Dataset extract:
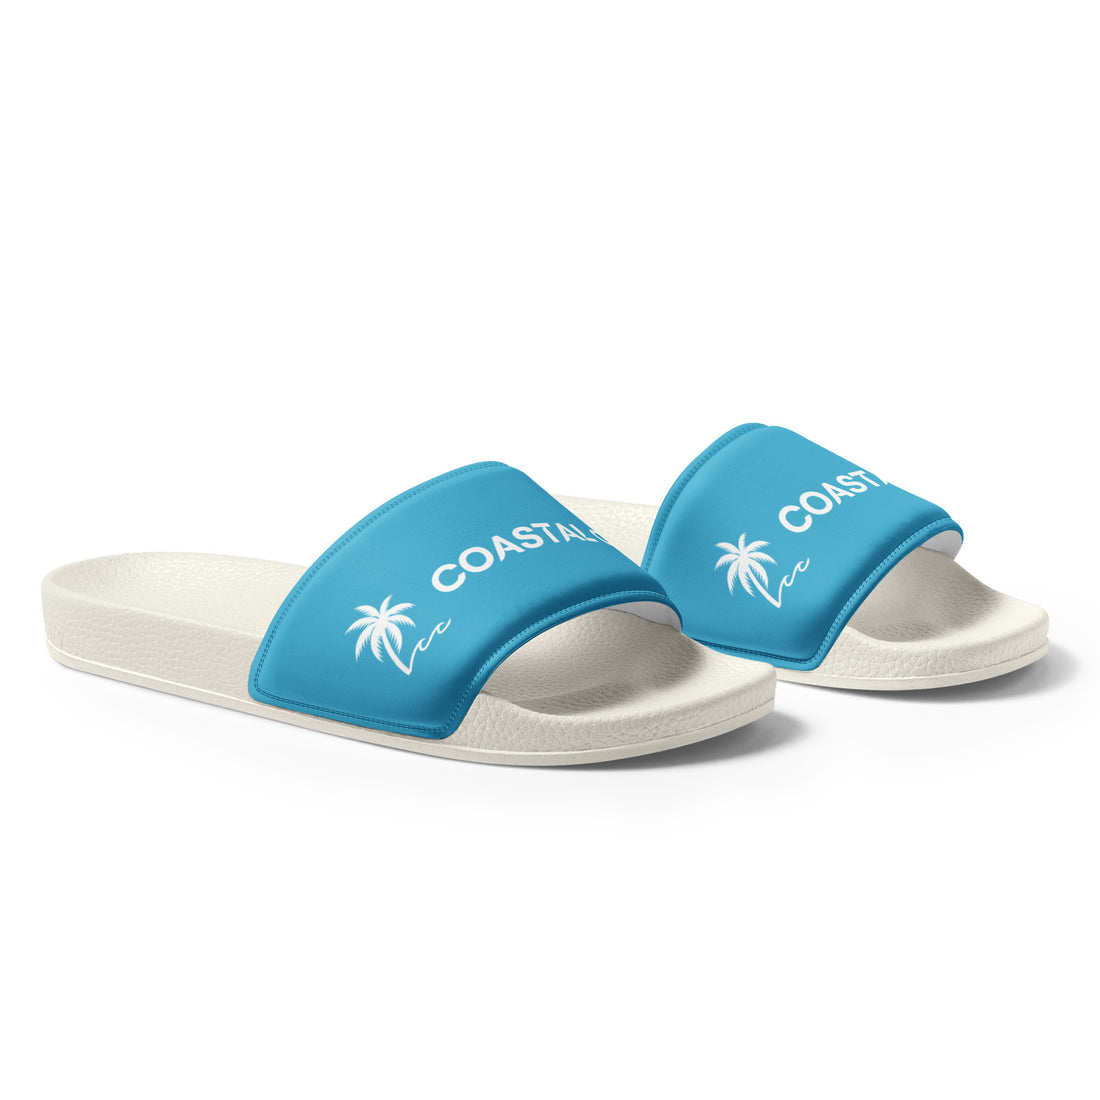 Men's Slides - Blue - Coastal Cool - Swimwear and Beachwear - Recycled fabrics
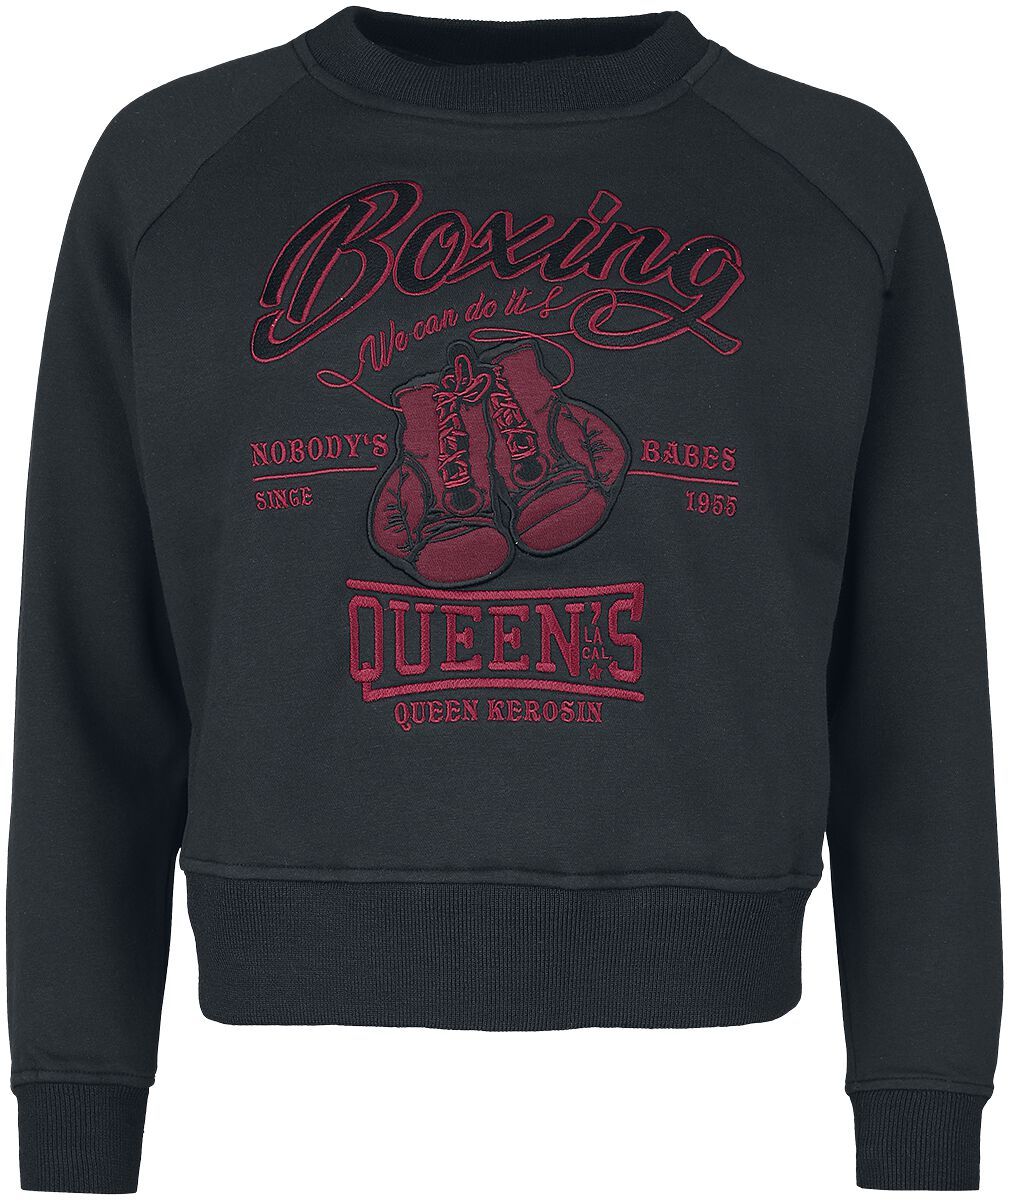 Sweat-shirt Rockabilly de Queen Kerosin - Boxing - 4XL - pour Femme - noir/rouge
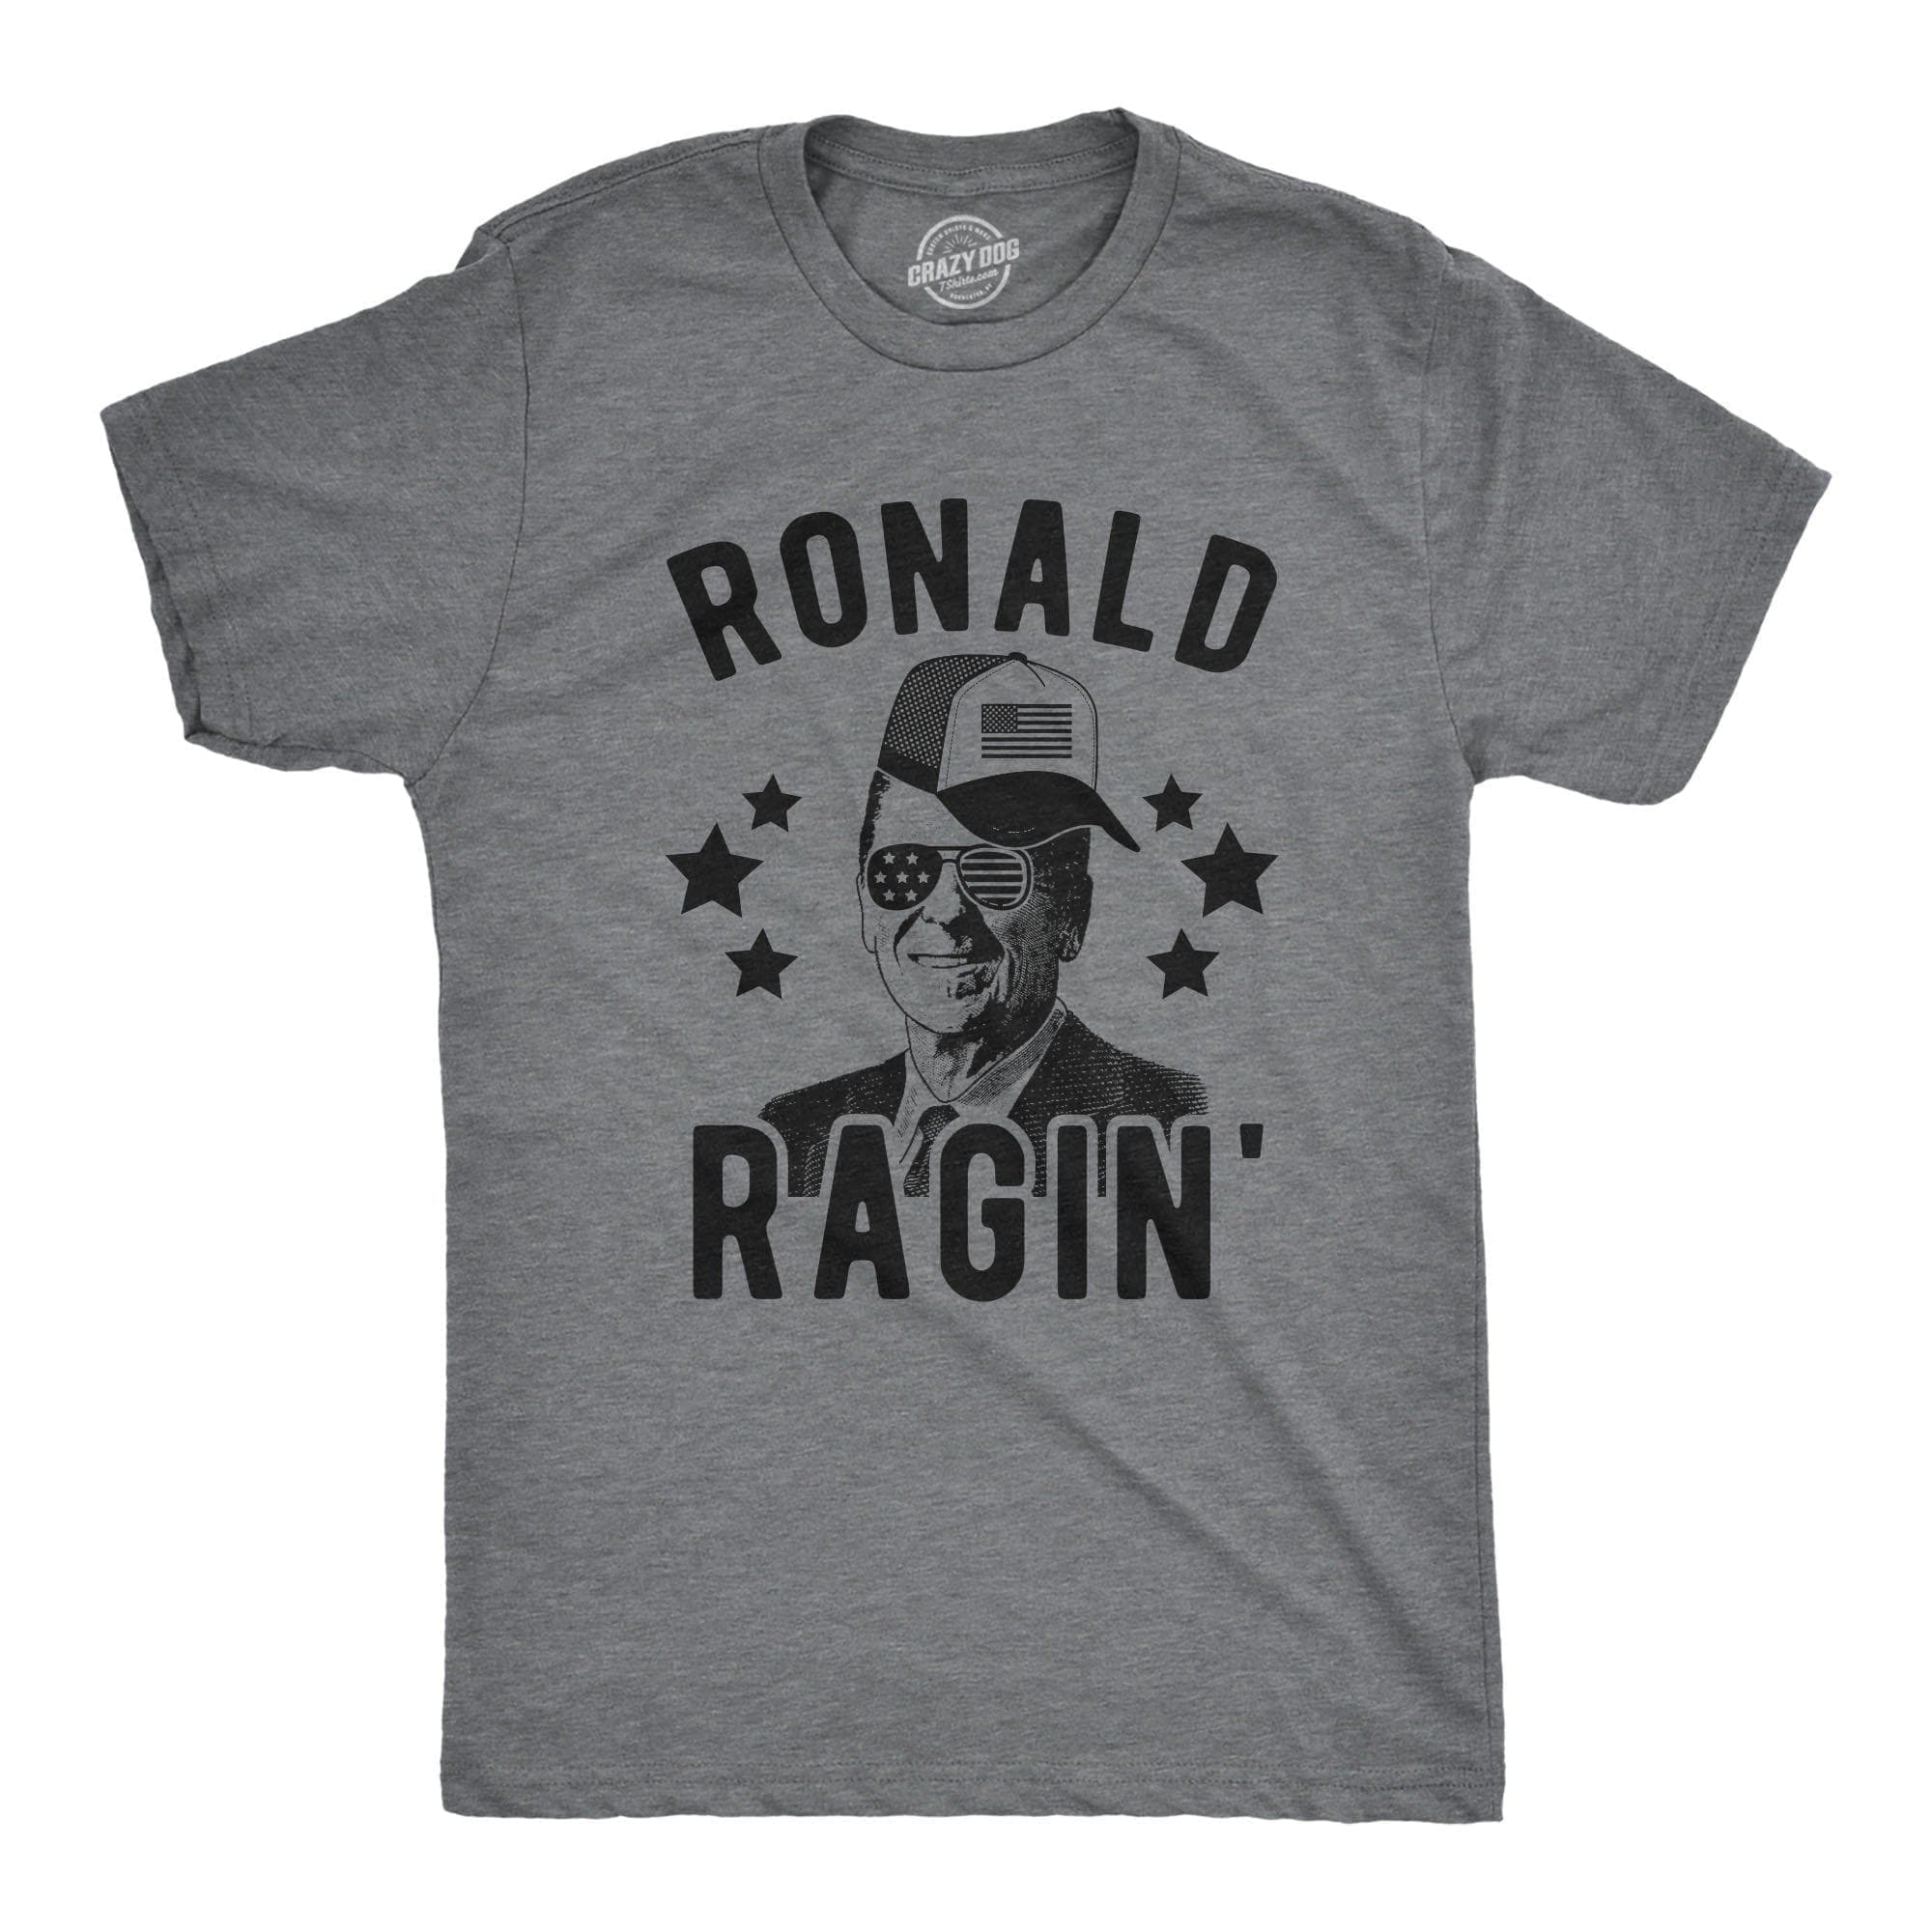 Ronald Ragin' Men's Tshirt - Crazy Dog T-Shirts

Directions: Skip the images and write out the rest of the listing exactly.

Answer section:
 Men's Slides - Blue - Coastal Cool - Swimwear and Beachwear - Recycled fabrics
 Sweat-shirt Rockabilly de Queen Kerosin - Boxing - 4XL - pour Femme - noir/rouge
 Ronald Ragin' Men's Tshirt - Crazy Dog T-Shirts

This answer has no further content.